O senhor vai achar os culpados? Perguntou-me a mulher de Romígio. A senhora está muito interessada em saber quem furtou a jumenta. Será que a senhora não está em conluio com o bando? Deus me livre, essa jumenta é sagrada para nós. Foi ela que me levou para ter o primeiro menino; foi ela que deu um coice em Pilário. E Pilário, quem é? Um safado que veio pedir voto aqui em casa. Ah, estou entendendo! Essa jumenta é mais do que uma jumenta. Ela é um ser social e político envolvida na invasão do palácio do planalto, e vocês dizendo que houve rapto. Nós já estamos nos cansando com essa falta de rumo na investigação. É melhor falar com outro policial. Jamais isso deve ocorrer, viu senhora, sob pena de indiciá-los por atrapalhar a investigação, e mais agora que estou chegando aos criminosos, não posso abandoná-la, como vocês fizeram com Qualhinha. Nós não a abandonamos. E por que ela estava fora de casa? e ainda por cima amarrada num cabresto consertado com arame? De onde o senhor tirou esse negócio de cabresto com arame? Dedução de um experiente detetive. Vocês deveriam ter deixado essa jumenta dentro do quarto, mas não, deixaram ao relento e deu no que deu. É o lugar apropriado, autoridade, para se criar um animal assim. Vocês que pensam. Já imaginaram o que dirão os defensores de jumentas? Podem até querer prendê-los por discriminação familiar.

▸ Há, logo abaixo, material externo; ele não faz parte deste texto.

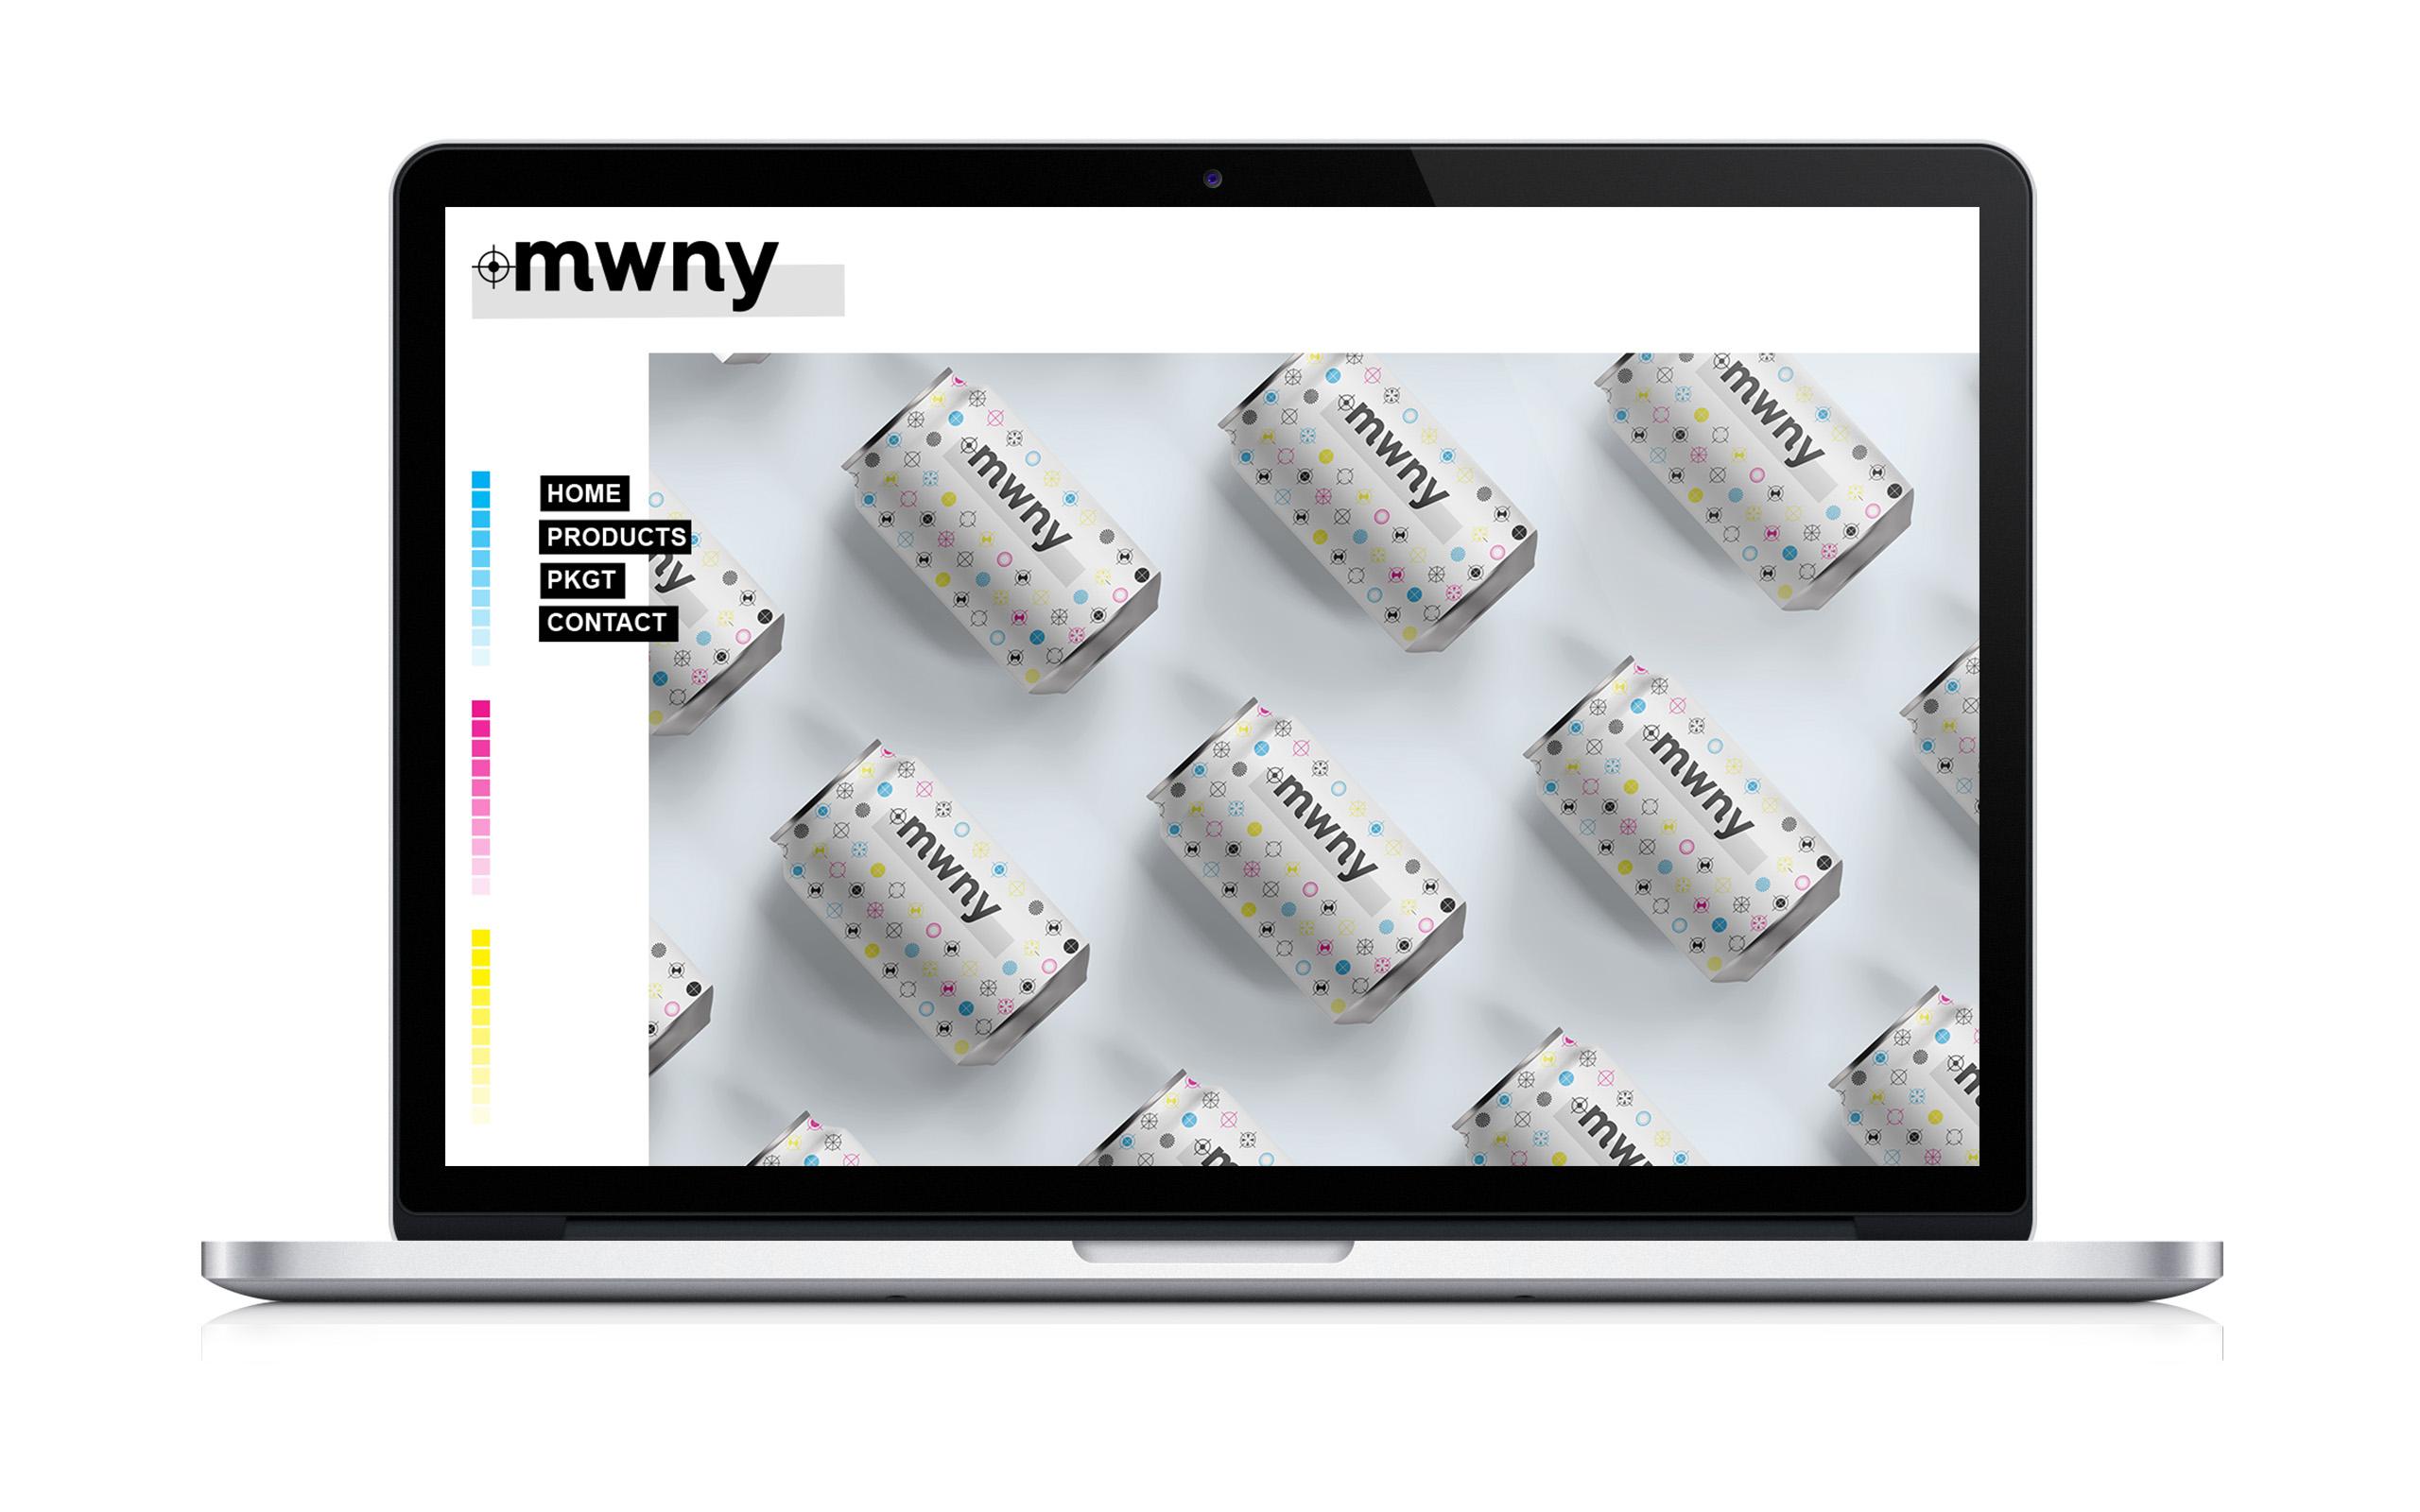 MWNY_mackbook_4_V1

Não precisamos mais procurar Qualhinha. Por quê? perguntei virando-me em direção de onde tinha vindo a informação. Acaba de chegar o caminhão da prefeitura que veio deixá-la. Levaram-na só para cadastrá-la, vaciná-la e não nos avisaram, disse-me a filha de Romígio agarrando-se ao pescoço de Qualhinha no mais dramático berreiro. Graças a mim, o mal-entendido criminoso foi esclarecido.